Vaughan received several music awards during his lifetime and posthumously. In 1983, readers of Guitar Player voted him Best New Talent and Best Electric Blues Guitar Player. In 1984, the Blues Foundation named him Entertainer of the Year and Blues Instrumentalist of the Year, and in 1987, Performance Magazine honored him with Rhythm and Blues Act of the Year. Earning six Grammy Awards and ten Austin Music Awards, he was inducted into the Blues Hall of Fame in 2000, and the Musicians Hall of Fame in 2014. Rolling Stone ranked Vaughan as the twelfth greatest guitarist of all time.[4] In 2015, he was inducted into the Rock and Roll Hall of Fame
Jimmy Page (1944- )
Jimmy Page (1944- ) is an English musician, songwriter, and record producer who achieved international success as the guitarist and founder of the rock band Led Zeppelin.
Page began his career as a studio session musician in London and, by the mid-1960s, alongside Big Jim Sullivan, was one of the most sought-after session guitarists in Britain. He was a member of the Yardbirds from 1966 to 1968. In late 1968, he founded Led Zeppelin.
Page is widely considered to be one of the greatest and most influential guitarists of all time.

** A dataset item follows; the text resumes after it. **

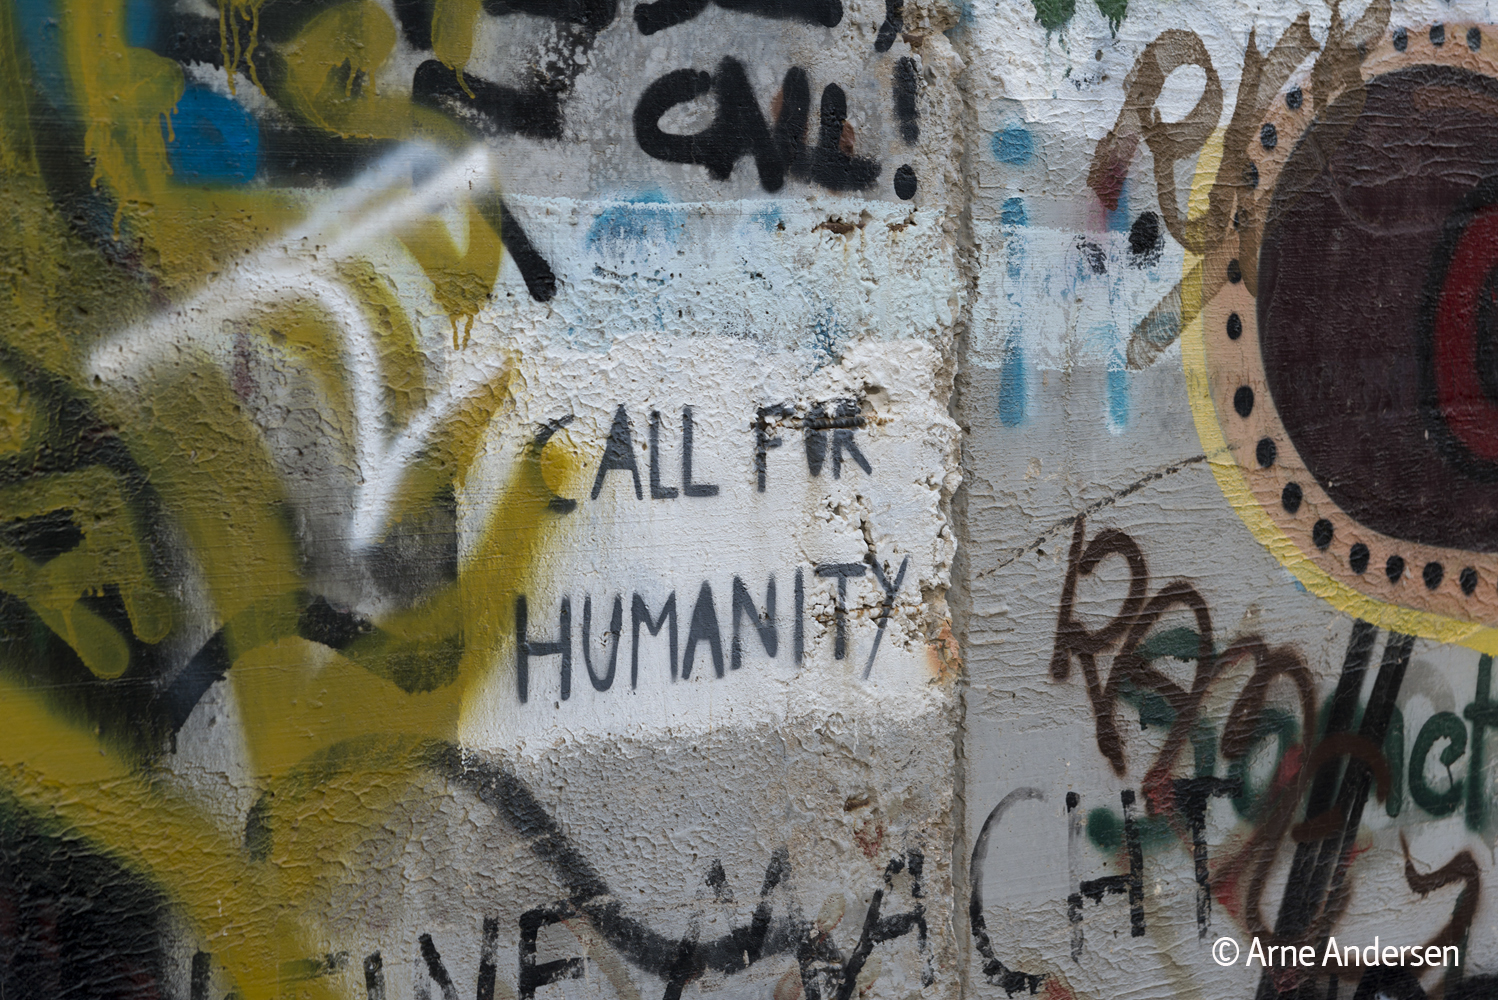 Call for Humanity

Rolling Stone magazine has described Page as “the pontiff of power riffing” and ranked him number 3 in their list of the “100 Greatest Guitarists of All Time”. In 2010, he was ranked number two in Gibson’s list of “Top 50 Guitarists of All Time” and, in 2007, number four on Classic Rock’s “100 Wildest Guitar Heroes”. He was inducted into the Rock and Roll Hall of Fame twice; once as a member of the Yardbirds (1992) and once as a member of Led Zeppelin (1995). Page has been described by Uncut as “rock’s greatest and most mysterious guitar hero”. Los Angeles Times magazine voted Jimmy Page the 2nd greatest guitarist of all time.